Contrary to the general practice of focusing on either asset management issues or individual household finance, the conference will look at the pensions industry and pension reform from both angles, reflecting the crossover between the two.
Prestigious academics and policy makers will provide the keynote speeches, a selection of which will be available online after the event, and researchers will present their studies into all aspects of asset management for old age.
Who will give the academic keynotes?
Michael Haliassos, Professor of Macroeconomics and Finance at Goethe University Frankfurt, will give an overview of issues in household finance.
Russ Wermers, Professor of Finance, Smith School of Business, University of Maryland, will describe the landscape and issues in the pension industry in the States.
Who will give the policymaking keynotes?
Carmen Pagés-Serra, Chief of the Labour Markets and Social Security Unit, Inter-American Development Bank (IAD), USA, will give an assessment of pension reforms in Latin America.
Steve Webb, former Minister of State for Pensions 2010-2015, will explain how pension policy is really made.
Understanding the issues
Explaining the focus on institutional and individual investors, Professor Zalewska said: “Since the privatisation of the pension industry, when the Government is pushing for individuals to be responsible for starting saving and actively following their investment over a long period of time, it’s important to understand how the system works or what the issues are when it doesn’t work.”
“Saving for old age is a different perspective with long term commitments on both sides, and additional obstacles and hurdles to monitor it for both individuals and institutional investors.
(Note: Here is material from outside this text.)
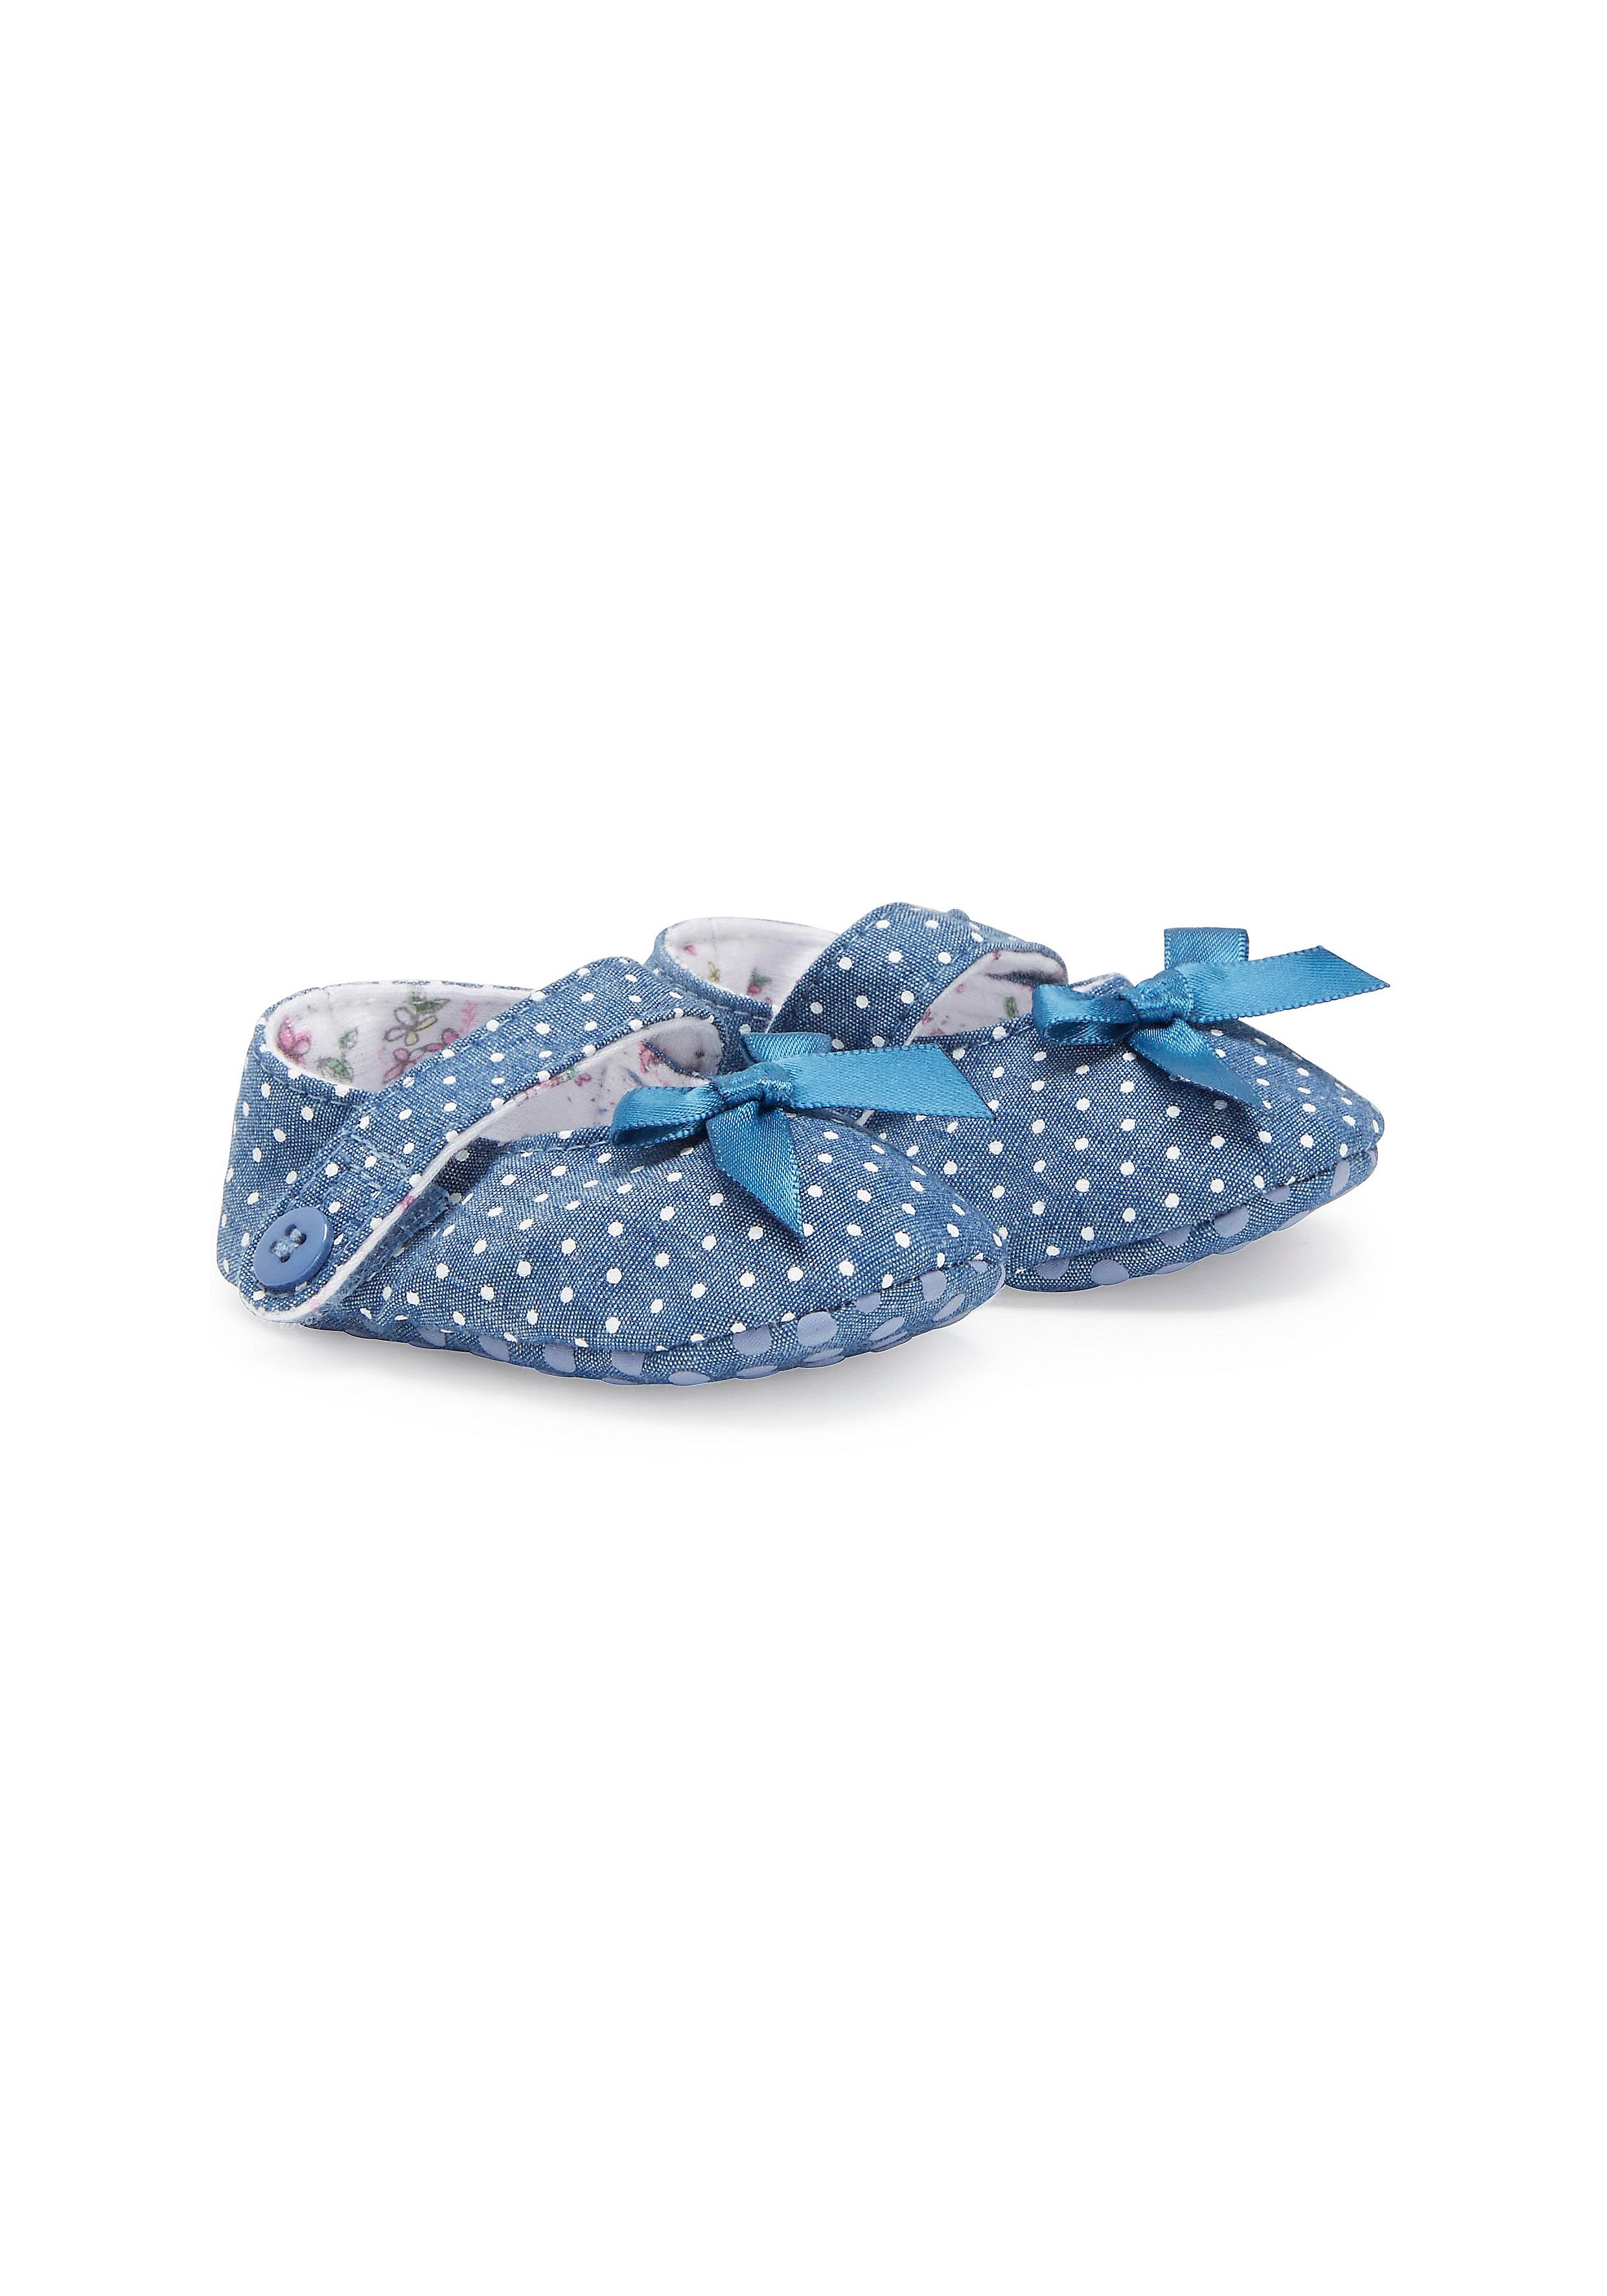 Mothercare | Girls Spotty Booties - Denim

Can individuals practically monitor their money on a regular basis for, say, thirty years, and even if they can, what can they do, given that they don’t have free flow to change providers without cost.
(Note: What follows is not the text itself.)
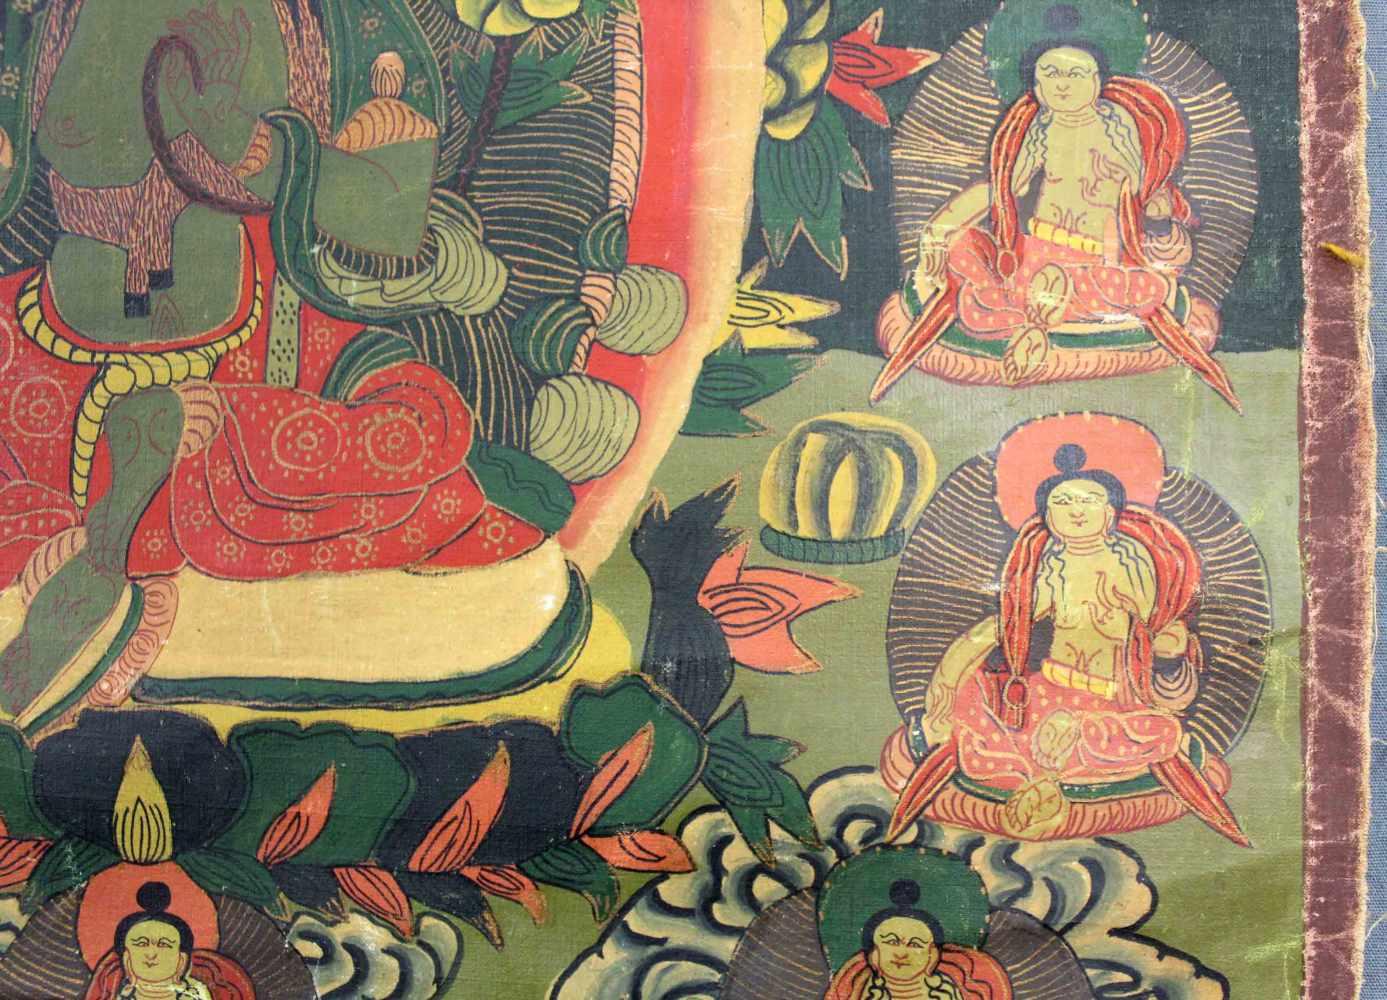 Lot 48 - Tara ? Thangka, China / Tibet alt.60,5 cm x 47 cm. Gemälde.Tara ? Thangka, China / Tibet old.60,5 cm

“On the institutional level there are policy and market considerations and also issues of monitoring their own performance. Managers are appointed on a short term basis, so the question is how to structure incentives and make them responsible for the performance of a long term fund.”
A special issue of the Journal of Banking & Finance on the conference theme will be published under the Editorship of Professors Steven Ongena and Ania Zalewska.